As anyone involved in selling investment products will tell you, fear sells. We’re afraid of uncertainty and we hate losing money more than we like gaining it. So when markets fall and scary forecasts abound, we instinctively look for solutions.
The problem is, apart from bailing out of equities, there isn’t one. Giving in to your emotions like that might give you temporary relief rom the stress you’re under, but it’s rarely in your long-term interests.
The time to think about the level of risk you’re taking is before volatility strikes. Once it’s already happening, you’re too late do anything about it, unless you’re willing to turn your paper losses into actual ones.

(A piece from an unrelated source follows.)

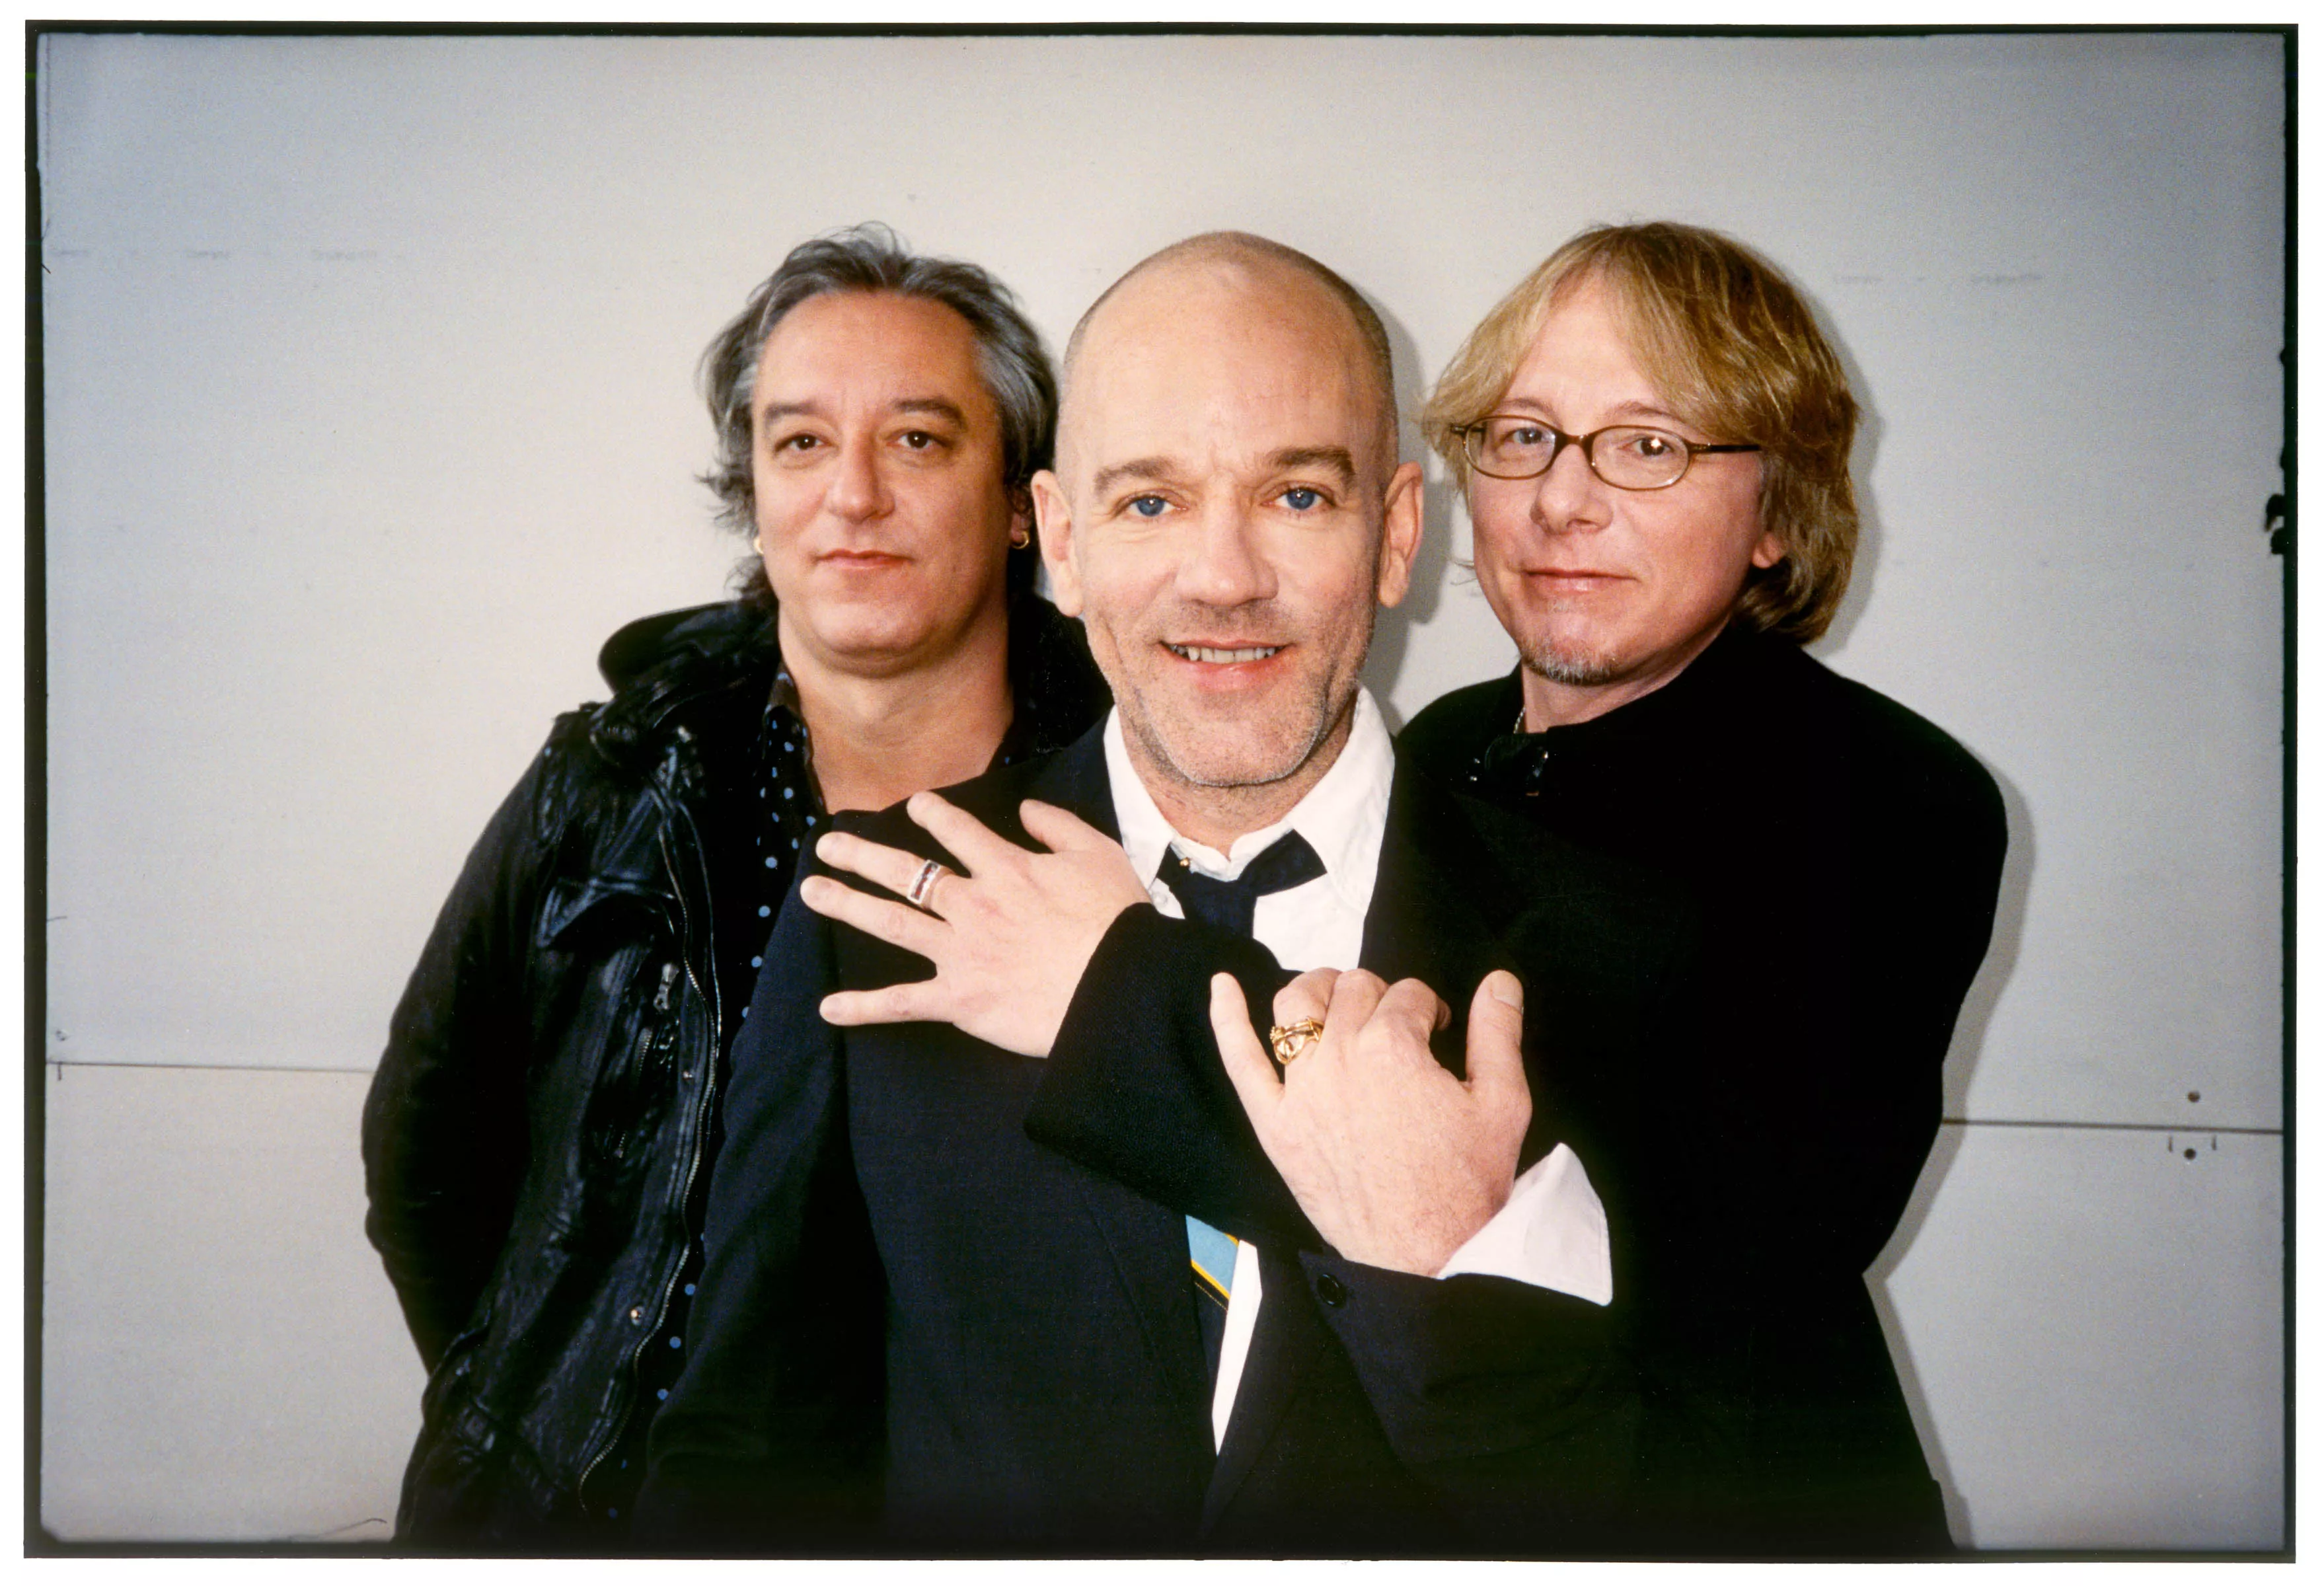 R.E.M.: Live from Austin TX

The biggest fear when markets fall is that it’s the start of a long bear market. In most cases, falls are merely corrections but, now and again, they herald something more serious. The sell-off prompted by the collapse of Lehman Brothers in September 2008 is a classic example.
That’s why, when markets wobble, we tend to read articles in the media about actively managed funds performing better in falling markets. At times of market uncertainty like these, the marketing message goes, you need an active manager to provide some “downside protection”.
Active funds and the “downside protection” myth
The notion that you’re any better off in an active fund in falling markets sounds perfectly plausible, but it is in fact completely groundless.
There are so many funds to choose from that there will always be some which outperform in a market downturn, simply by the law of averages. In many cases it’s simply because most active funds include an element of stocks and bonds for liquidity purposes.
But studies have shown that, on the whole, active funds will fall just as far as the market, and in many cases further. For example:
- Lipper studied the six market corrections between 1978 and 1990, and found that while the average loss for the S&P 500 was 15.12%, the average loss for large-cap growth funds was 17.04%.
- Goldman Sachs analysed the cash holdings of active funds between 1970 and 1989 and found that fund managers miscalled all nine major market turning points.
- S&P Dow Jones Indices compared the performance of active funds and index funds in the aftermath of the crash in 2008 and concluded: “The belief that bear markets favour active management is a myth.”
Markets are always uncertain. It’s precisely that uncertainty, and the risk that the value of our investments might suddenly fall and not recover for several years that explains the so-called equity premium.
So, decide on your capacity of risk, invest accordingly and ride out the inevitable volatility. In other words, embrace uncertainty — and steer clear of products that claim to protect you from it.